The box sitting on my Jet Mini Lathe





With the fixed-base to my edge router sitting in place.





Ok, now I just make the template for the design I want on the pen and route away!!

How to build: Make a 5-sided box 9" long by 6" wide and 5-1/2" tall (open on the top) out of high-quality 3/4" plywood.

Set it onto your lathe long side parallel to the lathe bed.  Mount your dead-center into your head-stock and align the center with the center of the 6" wide edge.  Tap the box against the center to mark the center hole for the drill.  Swap end for end and repeat.

Use a 2-1/4" hole saw (preferably a sharp one) to drill (or smoke, if dull) holes centered on your previously made marks.  Use a band saw or jigsaw to "square up the holes" to the top of the box.

Add 2 3" x 9" "table tops" to either side of the box.  

Cut a 9" guide to fit snuggly in the slot of your lathe bed.  (mine was a hair under 1-1/4").  Attach it to the center underside of your box to keep it aligned properly.

Clamp your router guides made out of 1/4" hard board to the table top using small clamps and have at it.

GK


----------



## Ratto (Sep 4, 2007)

I am going to have to come over and check this out. Tomorrow is draft night so Wednesday or Thursday. 

Dave


----------



## GaryMGg (Sep 4, 2007)

Greg,
You're one clever thinker; guess there'll be many new blank styles popping up with that.
I've been wondering when someone would post one of these.
I'm really looking forward to your first pens using this. [8D]


----------



## skiprat (Sep 4, 2007)

Hi Greg, you know I also love gadgets like that[] It looks very solid and stable. Couple of questions please, I assume it clamps to the lathe bed? Will you be using an index ring?
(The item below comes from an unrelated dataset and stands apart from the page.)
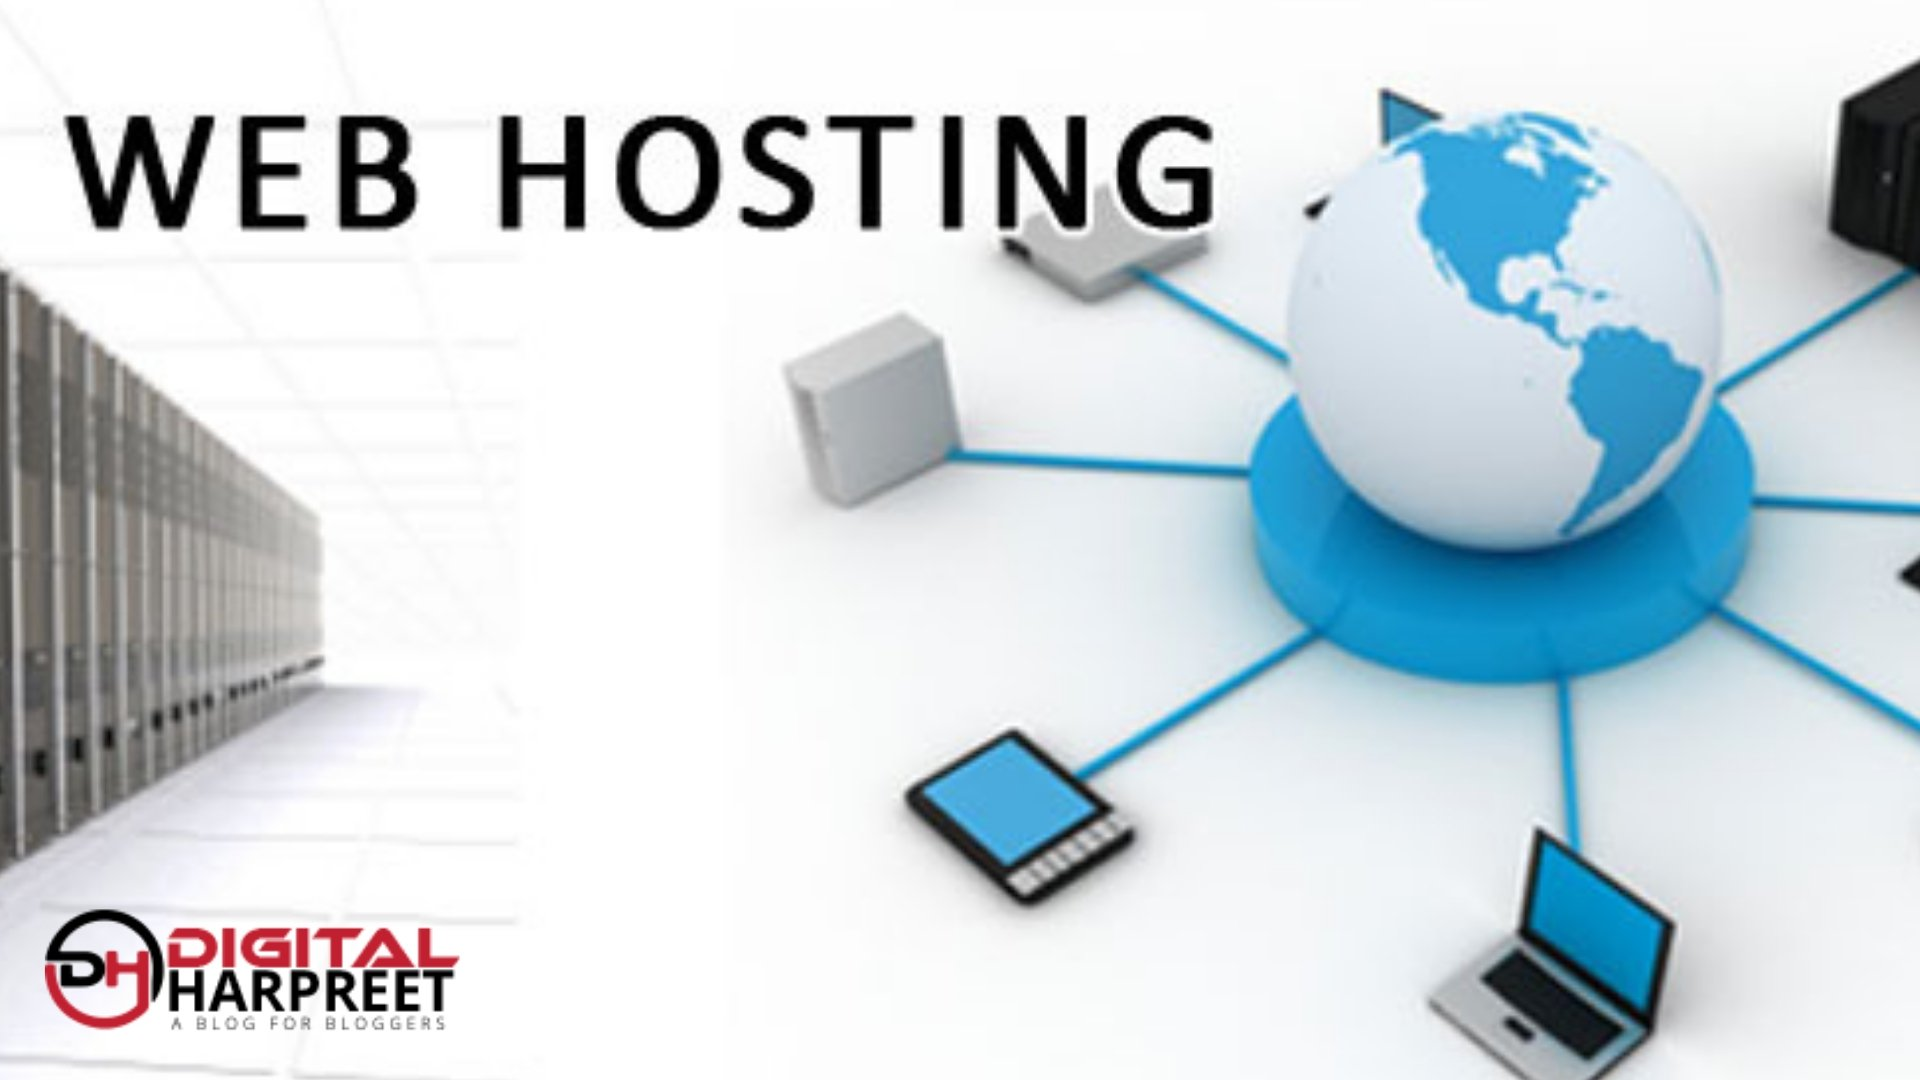 web hosting blog

I would make one perhaps useful change, but not with the box. If you remove the sub base from the router and replace it with a round one you won't have to concentrate keeping the router in the same orientation. Esp if you are going to use an index ring for repeat cuts.

I'm looking forward to seeing what you produce from it.
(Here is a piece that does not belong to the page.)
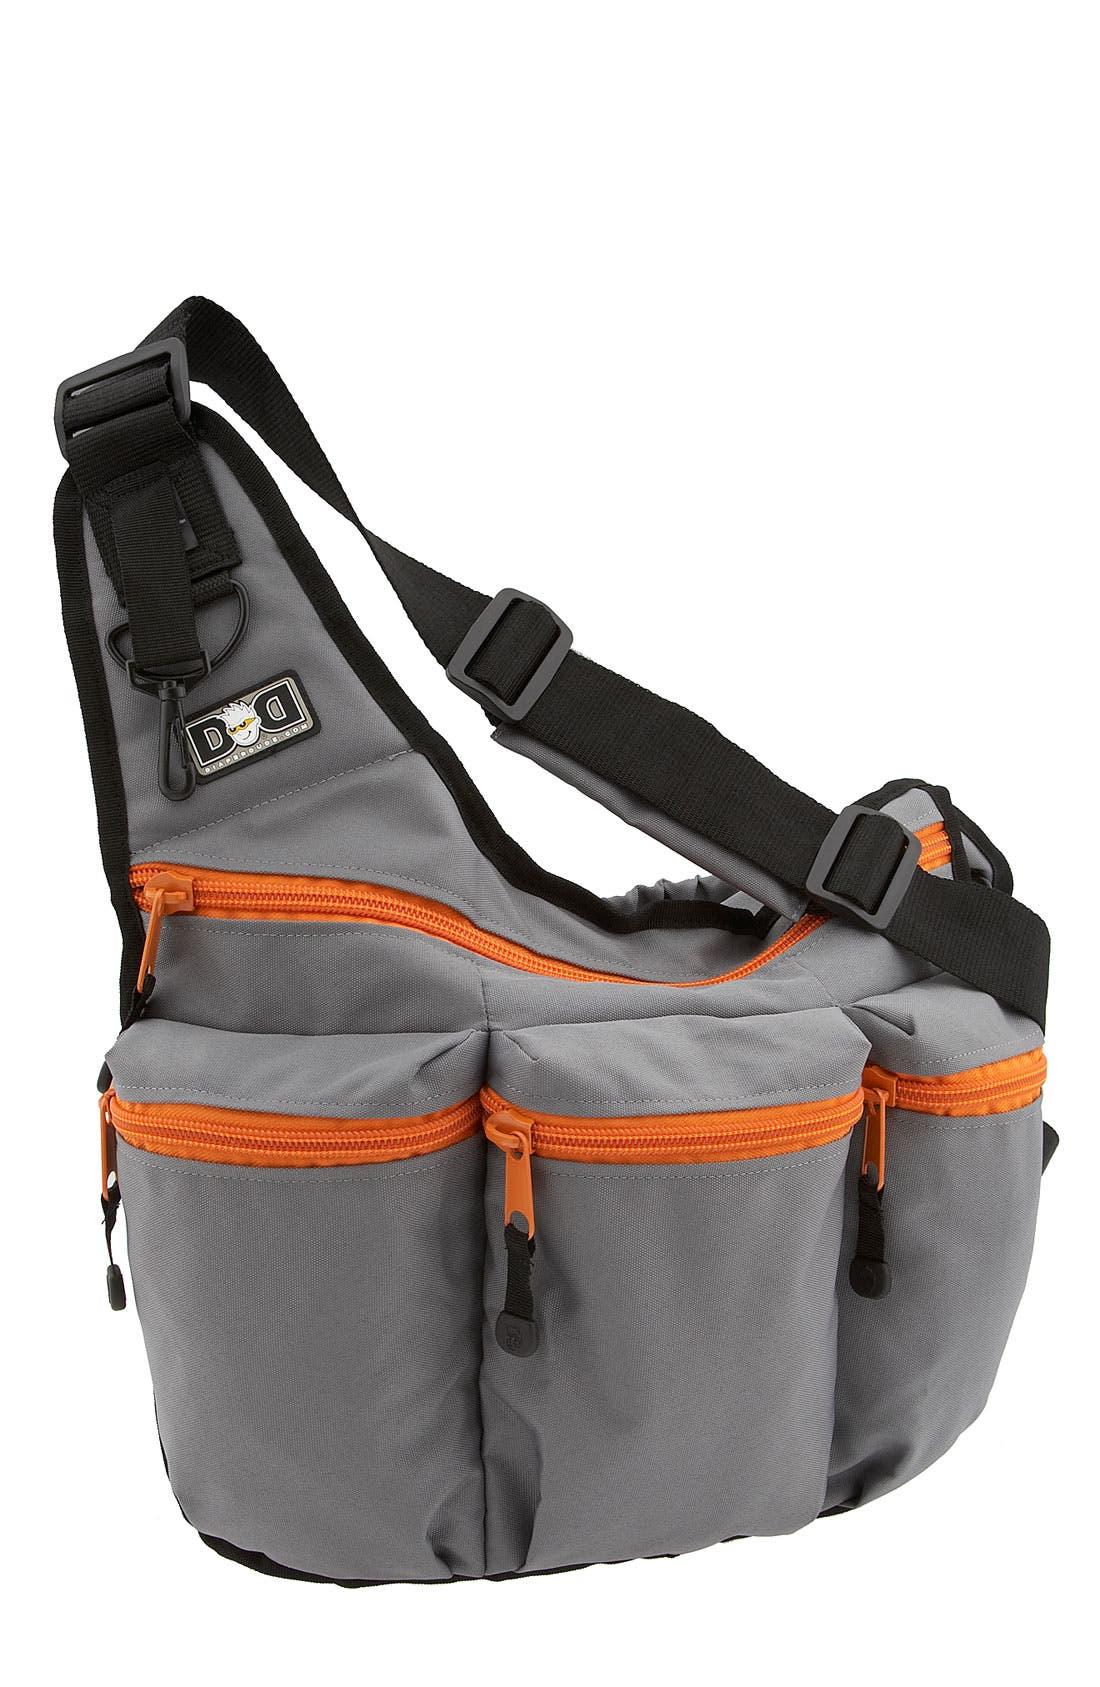 Main Image - Diaper Dude Shoulder Messenger Bag

PS Your photo tips are really working for me, many thanks!!!!![]


----------



## gketell (Sep 4, 2007)

Yes, I just purchased this indexing jig: http://alisam.com/page/14g9e/Woodworking_turning.html.

Right now I am not clamping it because I made that center guide piece so snug that it is pretty darn tight.  But it would be very easy to add a section of guide on the bottom that is attached to a cam clamp inside the box.  Or put a bolt through one of the existing guides with another section that can rotate and then use the cam clamp on it.  *shrug*  Something to think about when I find I need it.

I have a round sub-base too.  I will use it if I switch to using a guide bushing rather than using the corner of the base as my guide point.  But, if I can't keep the router in the same alignment for 6" I better turn in my tools.  []

GK
ps  You are very welcome.  I'm semi-seriously thinking about writing a photography mini-essay to post.  .... as time permits ....  [xx(]


----------



## johnnycnc (Sep 4, 2007)

Greg..Wow,you aren't gonna believe this,but I'm just
getting ready to post pics of the index jig (similar)
that I finished today.[][]
And thanks for sharing your router jig.I've been
racking my brain on a similar theme.Nice jig!!


> _Originally posted by gketell_
> <br />Yes, I just purchased this indexing jig: http://alisam.com/page/14g9e/Woodworking_turning.html.


----------



## gketell (Sep 4, 2007)

Thanks Johnny!

I had seen enough indexing jigs to know I COULD make one but the thought of trying to drill 72 exactly-spaced holes... well.... I don't trust my accuracy that much!  Not to mention just cutting a nice, true circle.  [)]

And then I found this one!!  YAY.  []

GK


----------